▶ **Brief**: Once the images are set aside, print the remaining lines below exactly.

▶ **Exercise data**:
↓↓↓

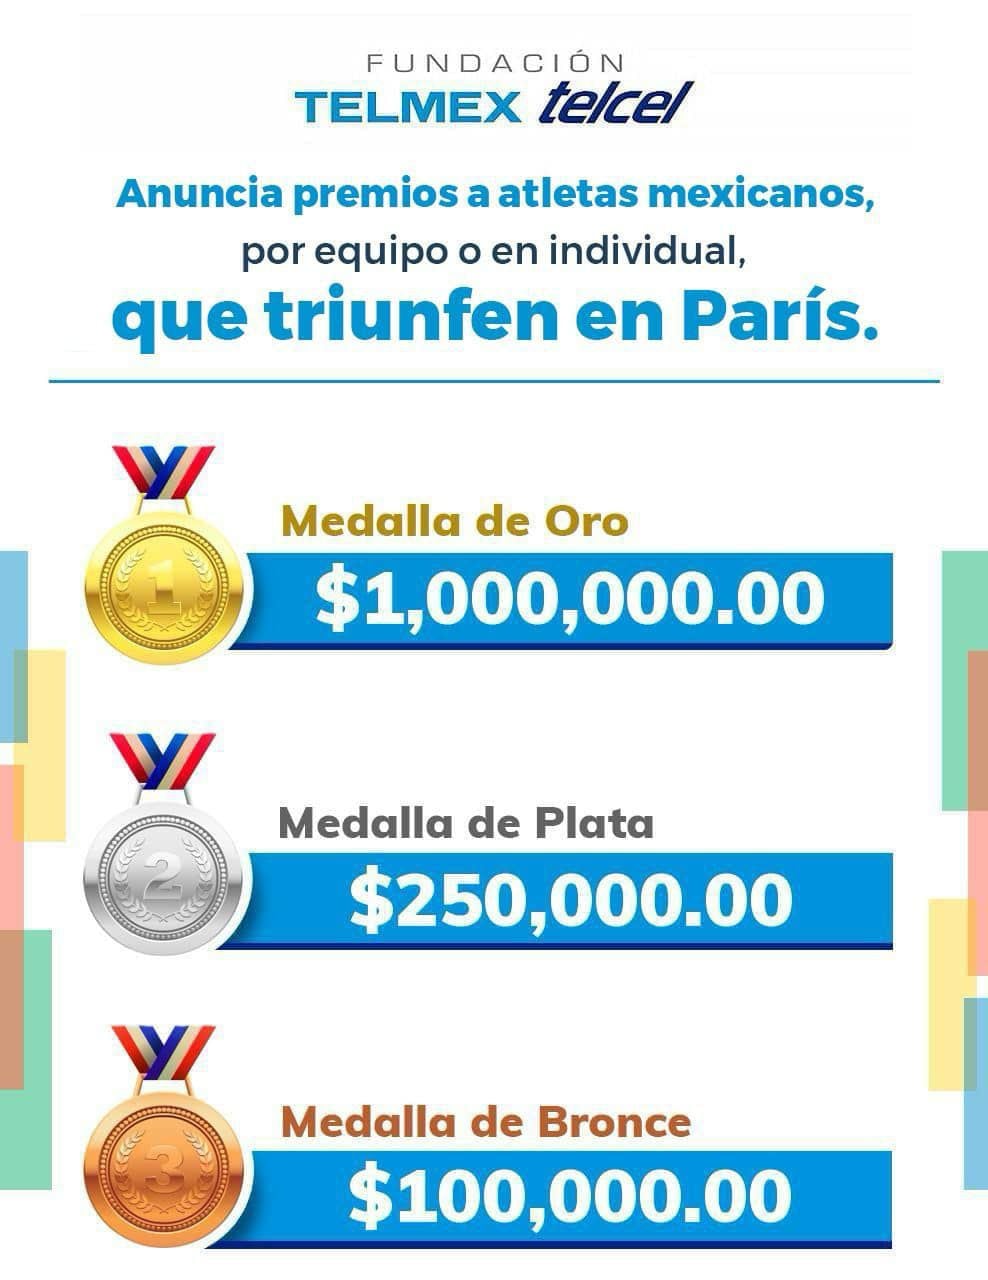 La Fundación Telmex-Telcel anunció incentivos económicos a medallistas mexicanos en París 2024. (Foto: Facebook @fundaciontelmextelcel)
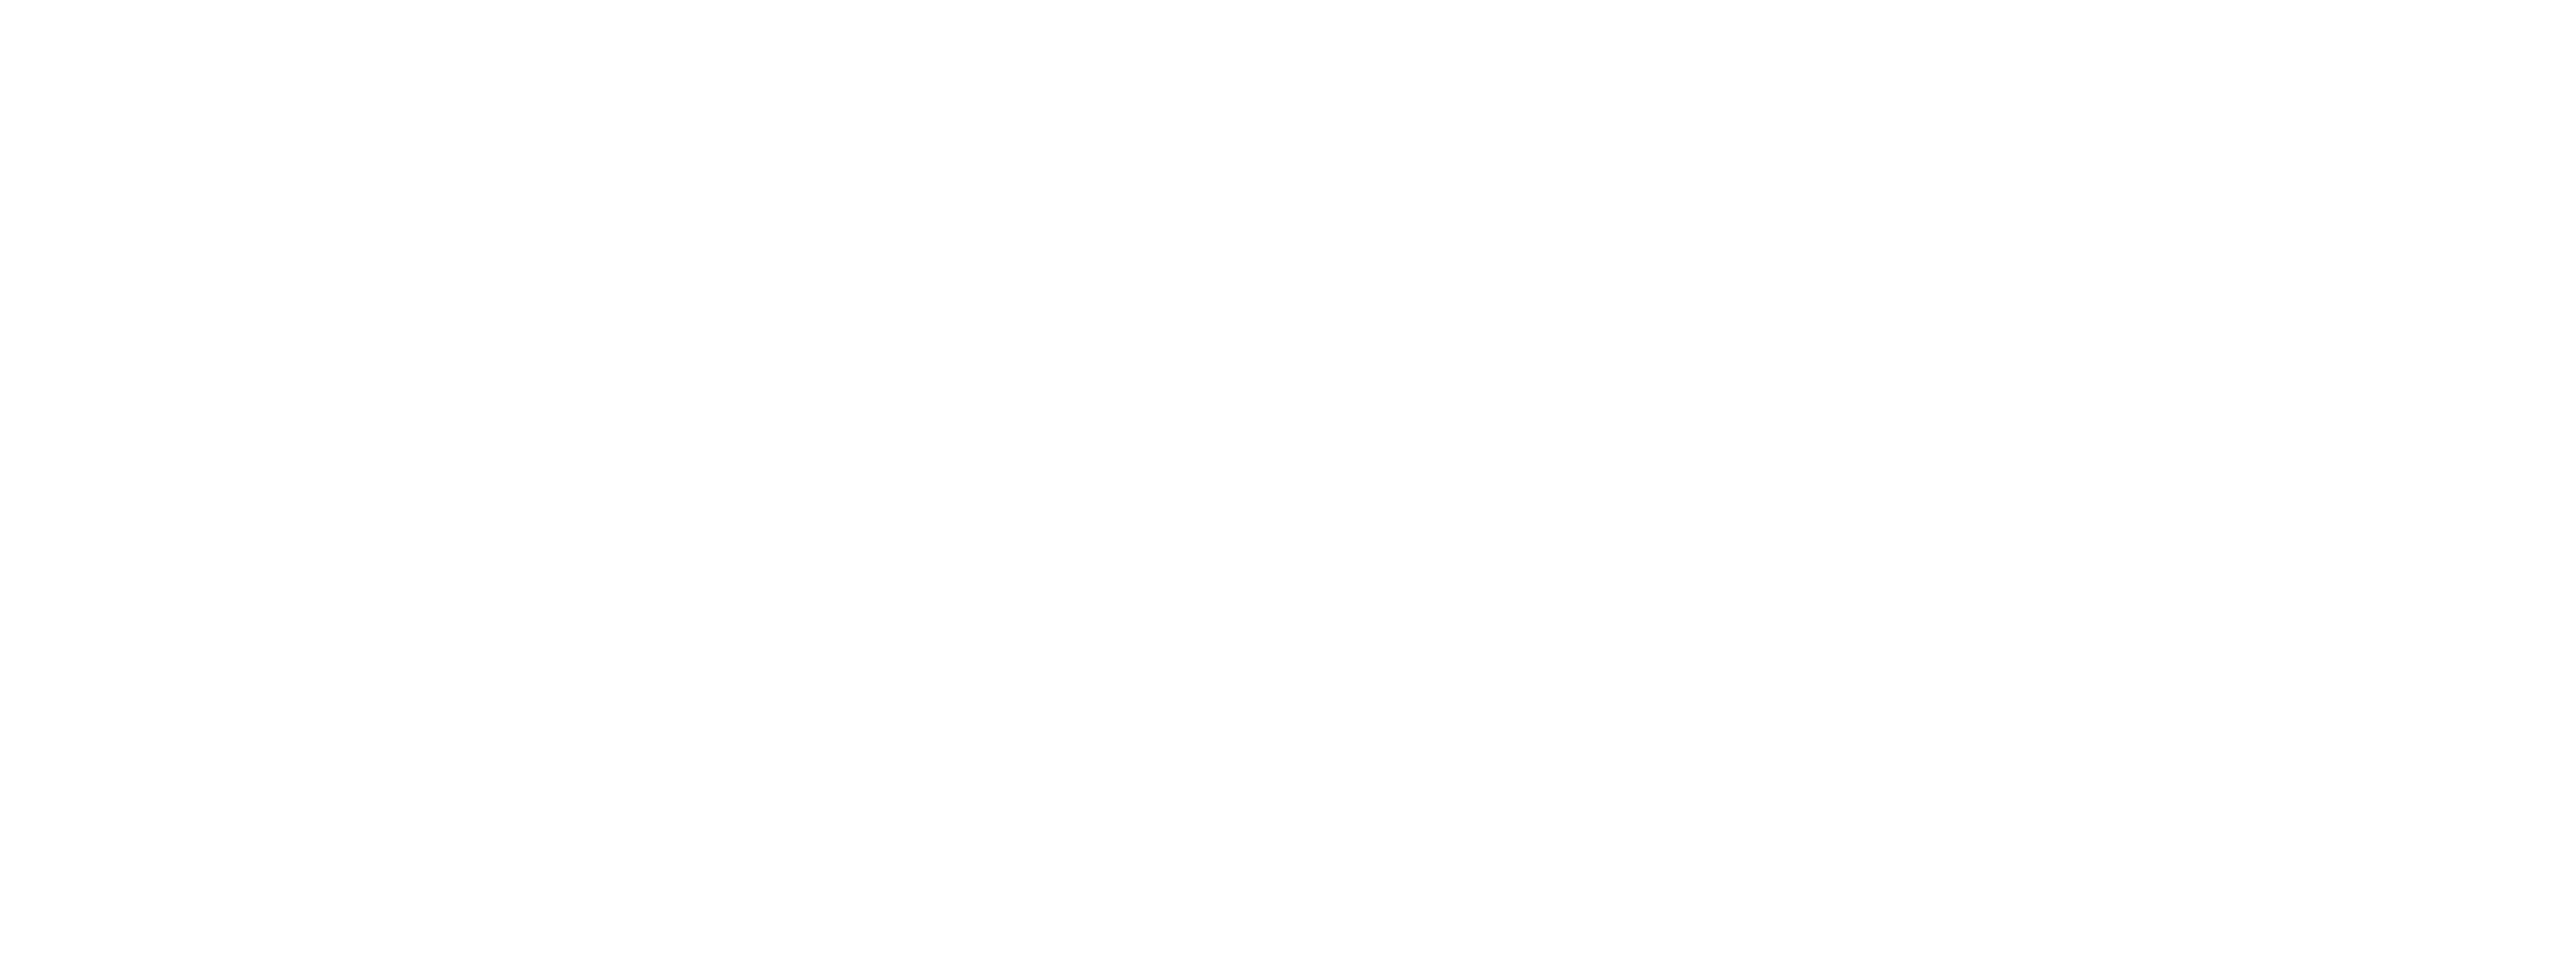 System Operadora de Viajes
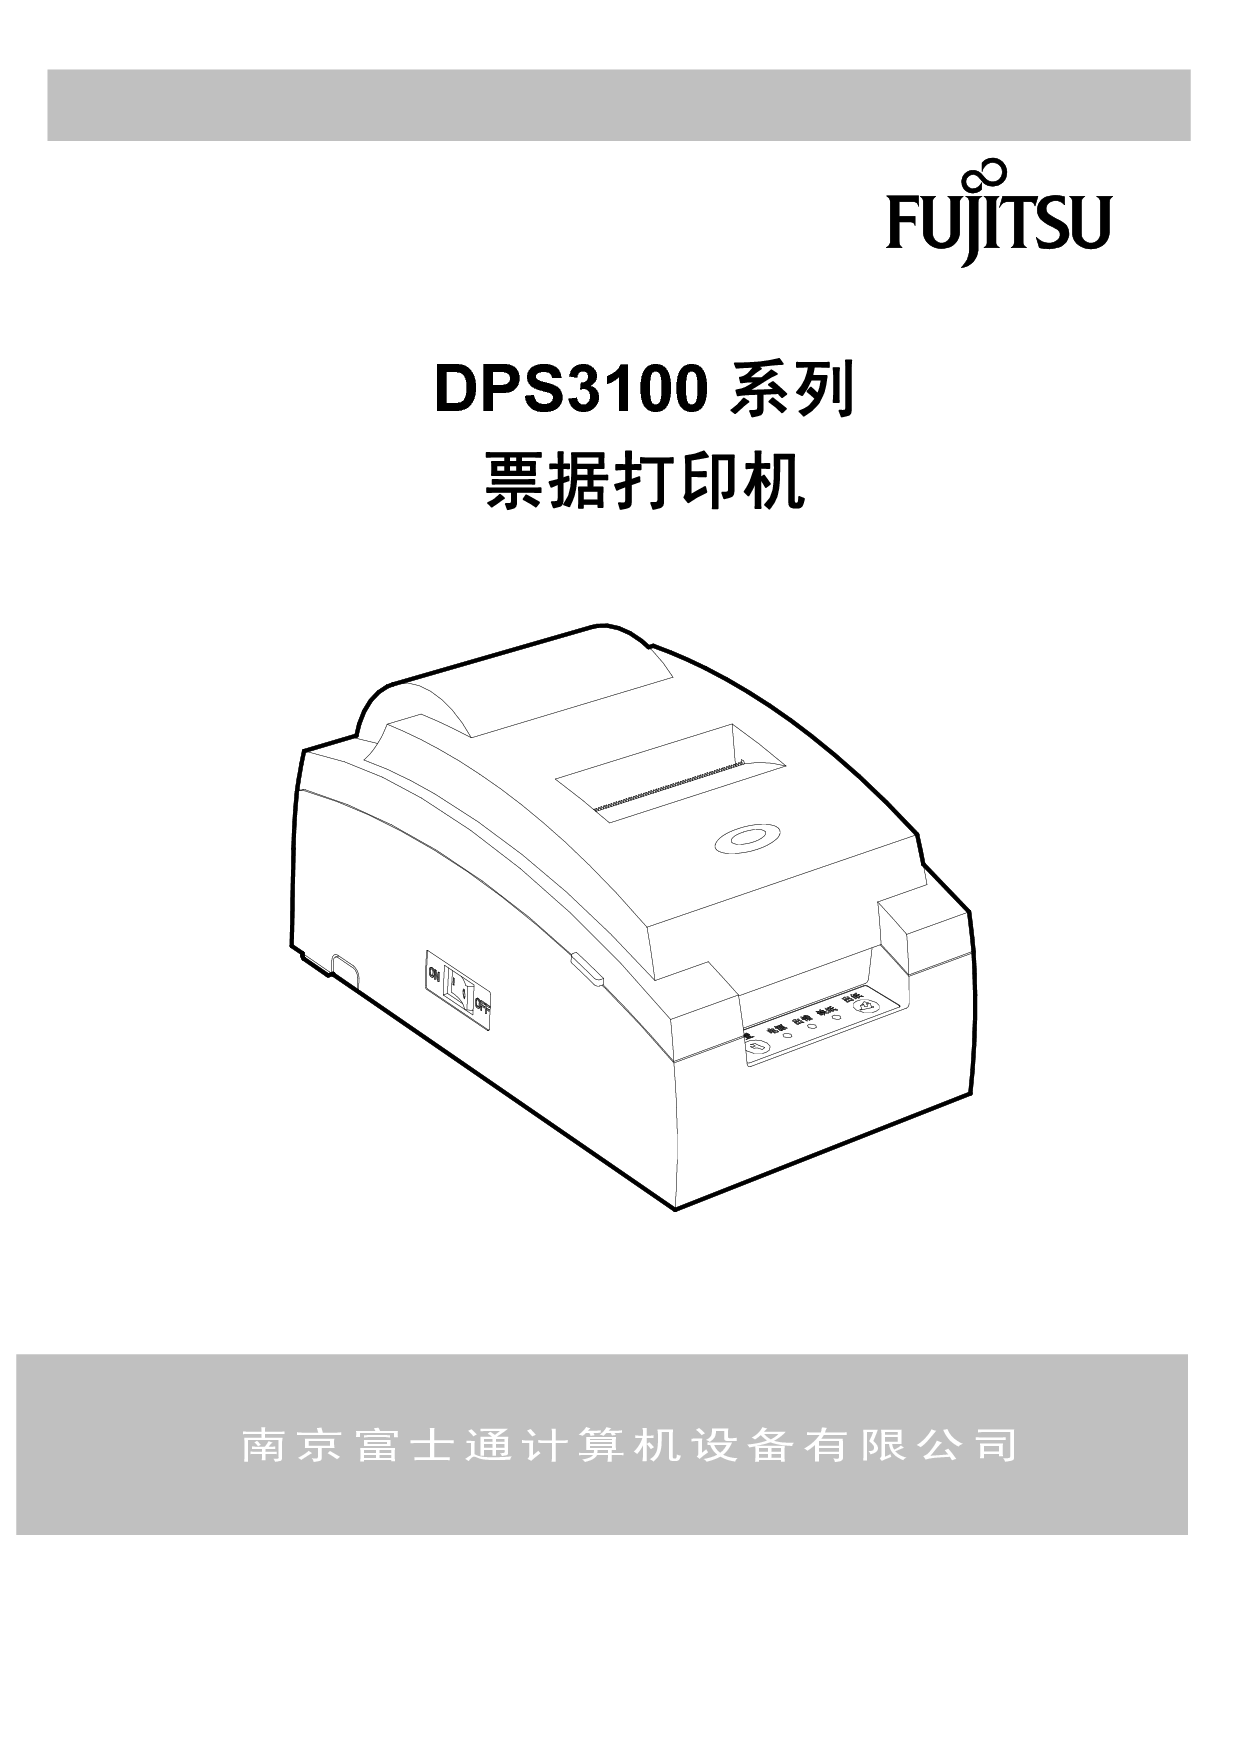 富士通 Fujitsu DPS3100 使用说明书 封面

↑↑↑

▶ **Solution to the exercise**:
 La Fundación Telmex-Telcel anunció incentivos económicos a medallistas mexicanos en París 2024. (Foto: Facebook @fundaciontelmextelcel)
 System Operadora de Viajes
 富士通 Fujitsu DPS3100 使用说明书 封面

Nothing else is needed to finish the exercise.